Keep an eye open for swarming and be prepared to deal with it. There have not been a great many swarms reported yet this year but they are probably coming.

Get extra supers ready for use.

Go to the next apiary meeting and keep up to date.

Remember to keep monitoring for varroa infection levels.

 

Apiary News

 

The May meeting was a total washout. We stood in the tractor shed and seriously discussed things but didn’t look at the bees.

 

Eric will commence queen rearing at the June meting, so come to that and the future manipulations will be explained and dates arranged.

 

Comment.

People are still going on about CCD and mobile phones. It would appear that no reasonably controlled experiments have yet shown any connection. The experts in US are still totally baffled about the cause. I would like to reiterate what I feel about varroa.
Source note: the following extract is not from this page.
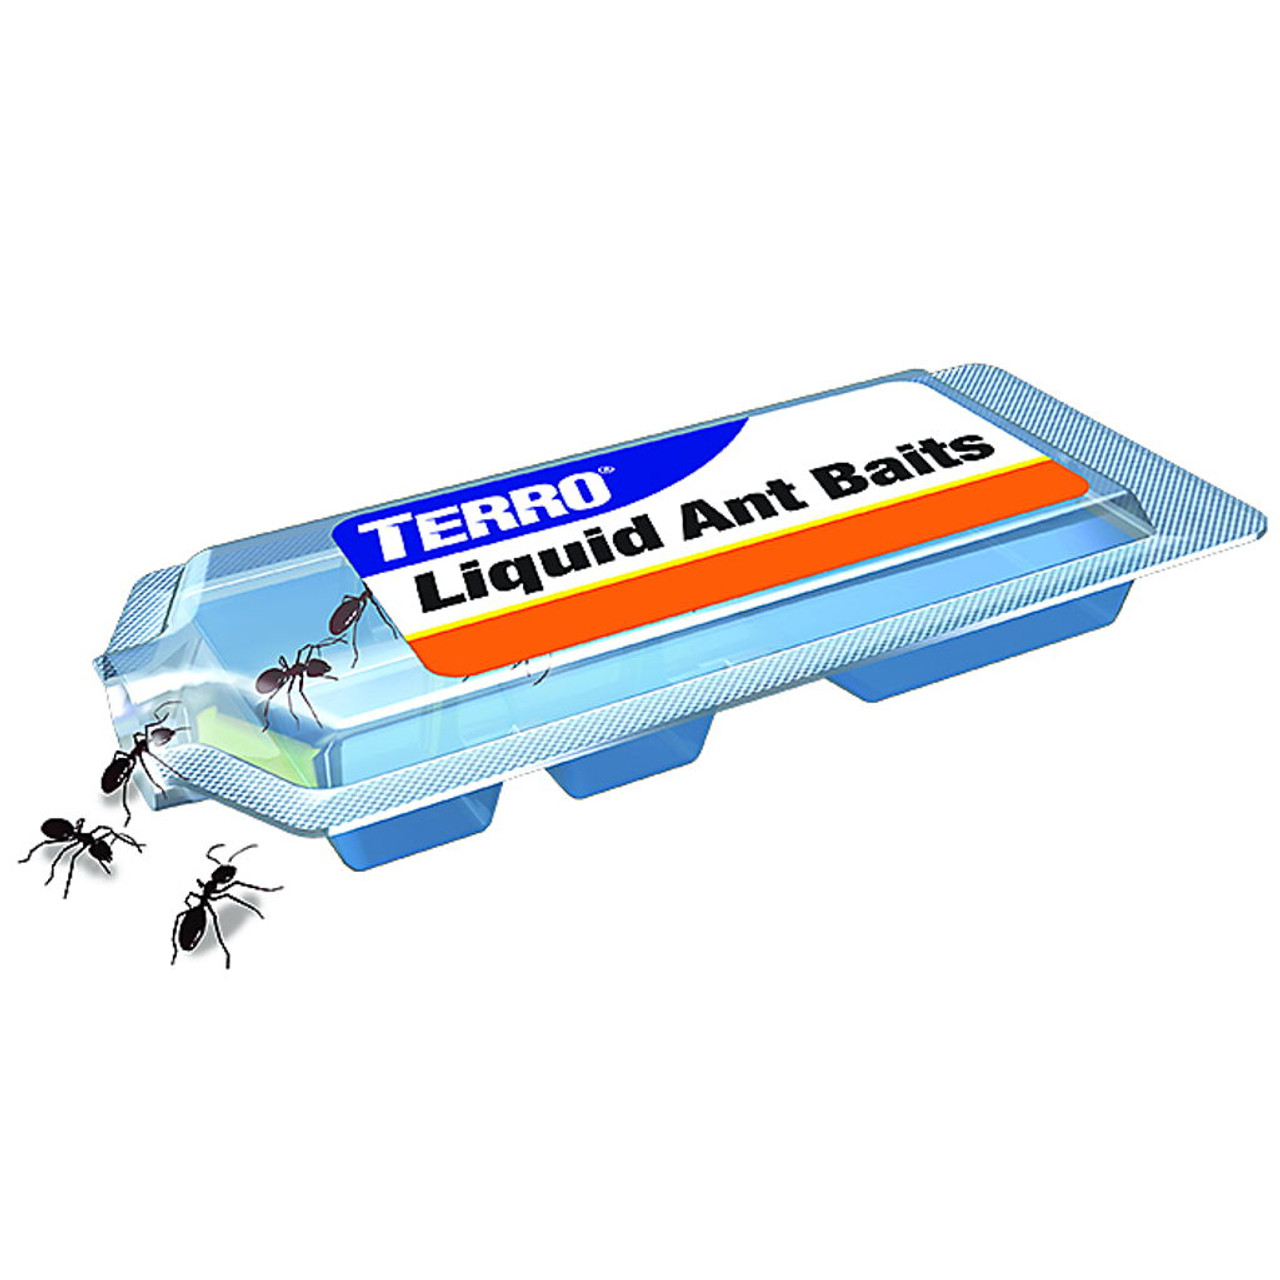 Terro Liquid Ant Bait

I have read many articles where beekeepers have said that the incidence of varroa in a colony was low, but very few describe how they have come to this conclusion. Although I am a staunch supporter of monitoring mortality of varroa using insert boards under mesh floors I know that the negative information they display can be totally deceptive. The debris on a board is an indication of the strength and health of a colony and a large varroa drop means a heavy infection, but that is as far as you can take it. I think we are deceiving ourselves when we see a low drop and conclude there is a low level of infestation.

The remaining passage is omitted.